After that they brought out a horse-whisperer (in the old fashioned sense of the word) to show us how the native tribes used to bond with the horses rather than breaking them. His horse was incredibly trusting and, after he had it lie down on its side, he lay on top of his horse. Afterwards, we were all able to say hello to the horse ourselves. While I could show you a picture of the gaucho lying on top of his horse, I figured a picture of the horse nibbling my fingers would convey the same meaning and be slightly more amusing.


We had some down time between lunch and tea and the estancia had lots of fun things for us to hang out and do. Having already played soccer and frisbee, we headed out to the edge of the area where a freezing infinity pool and a beautiful view waited for us. I jumped in, froze, and climbed out to warm up in the sun.


#datcitylyfe: The pampas are the are surrounding Buenos Aires and they’re beautiful flatlands. There were no tall buildings or mountains so the sky seemed twice as big. While flying into the country we flew in over the pampas and I was confused because I had no idea where the city actually was (mostly because we were flying south, the city was further south, and I was looking west). Pretty much all I could see were green fields forever. The pampas surround Buenos Aires and go as far north as the southern part of Brazil and are filled with estancias. Gauchos work on the estancias as cattle herders and are known pretty well around the world. The gauchos we’ve met all wear this awesome hat (not at all like a cowboy hat) and I’ve really been itching to get my hands on one.

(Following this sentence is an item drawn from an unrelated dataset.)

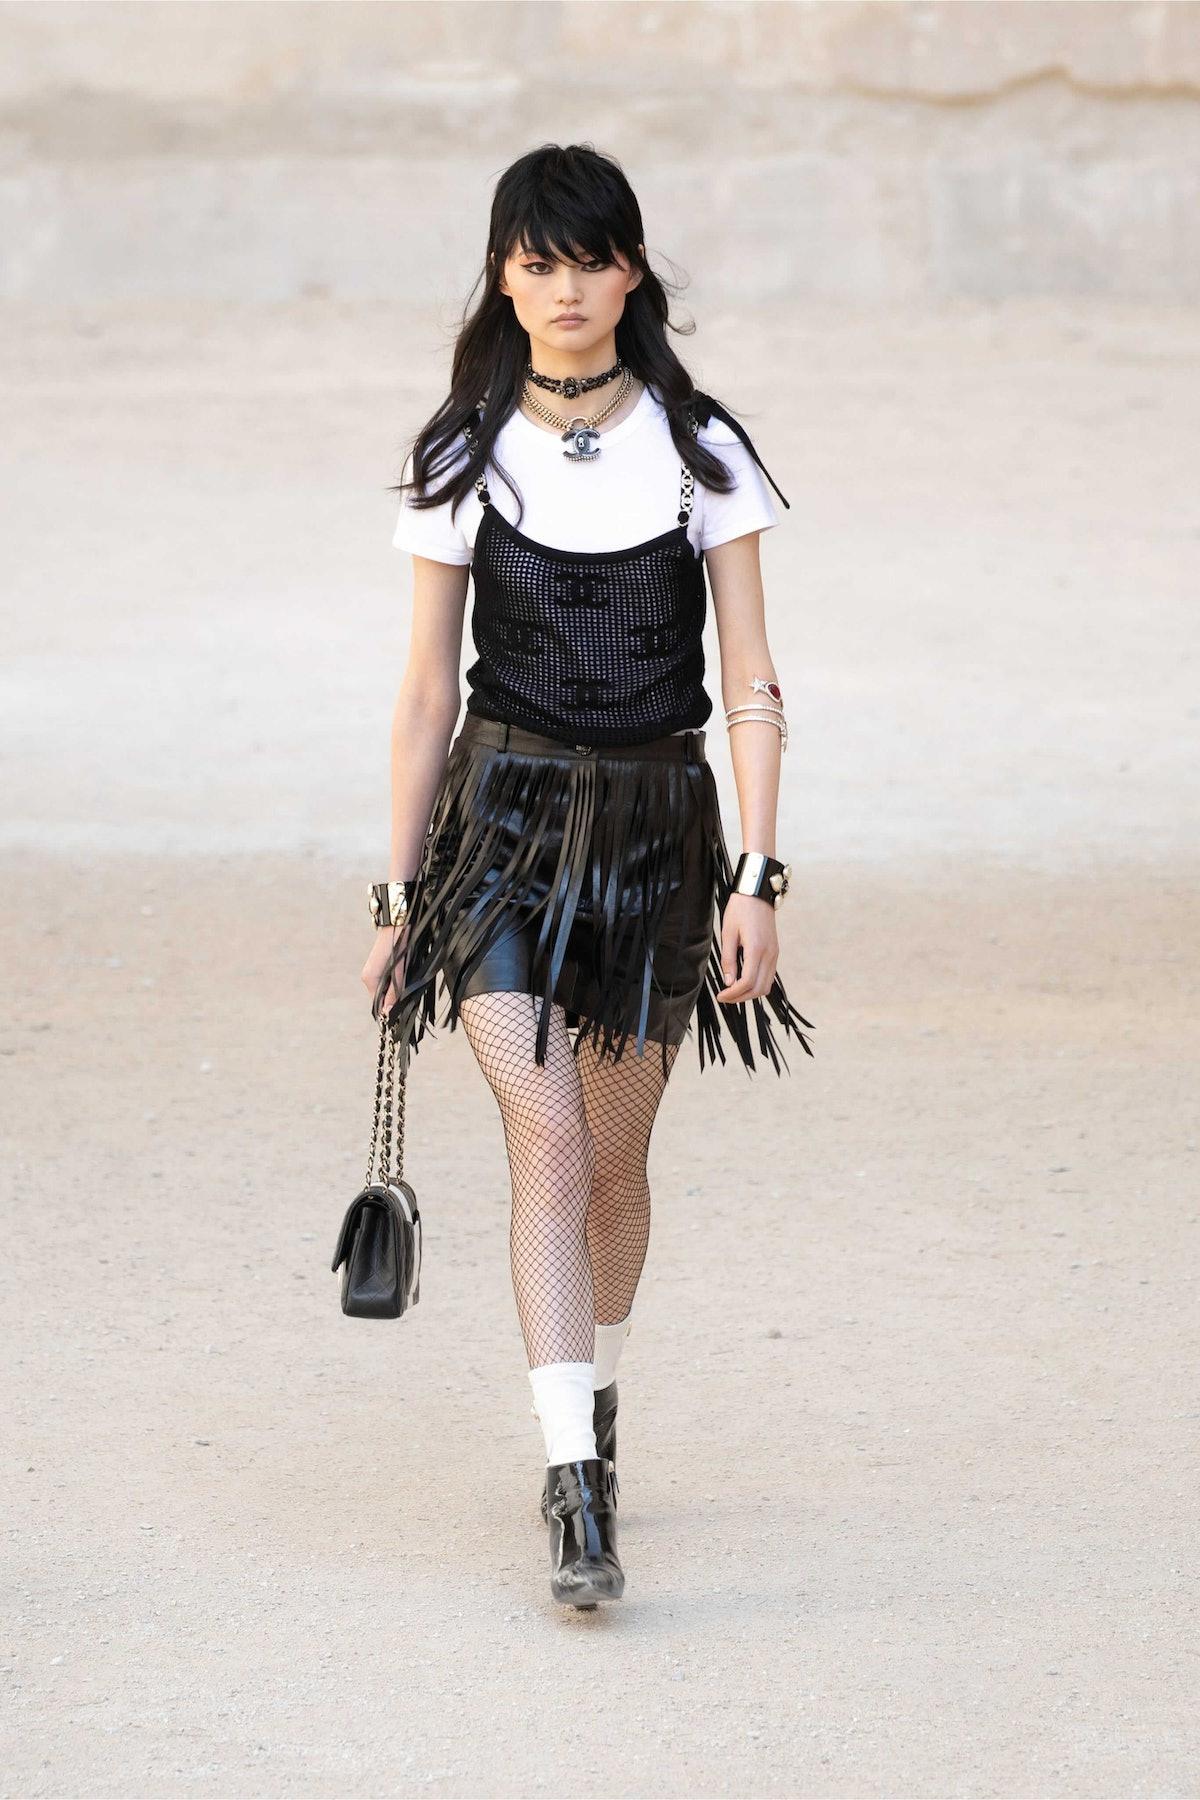 model in Chanel fringe skirt white tee and black tank top

#datcitylyfe: Obviously, when you switch hemispheres, the wildlife changes immensely. The estancia had a ton of really large stilts, pigeons and parakeets. The parakeets were singing so loudly that they were competing with the gaucho’s music. While I was out walking and taking some photos I found this rather cool feather from one of the local birds. Dad, if you’re bored, you can see if you can figure out what bird it came from.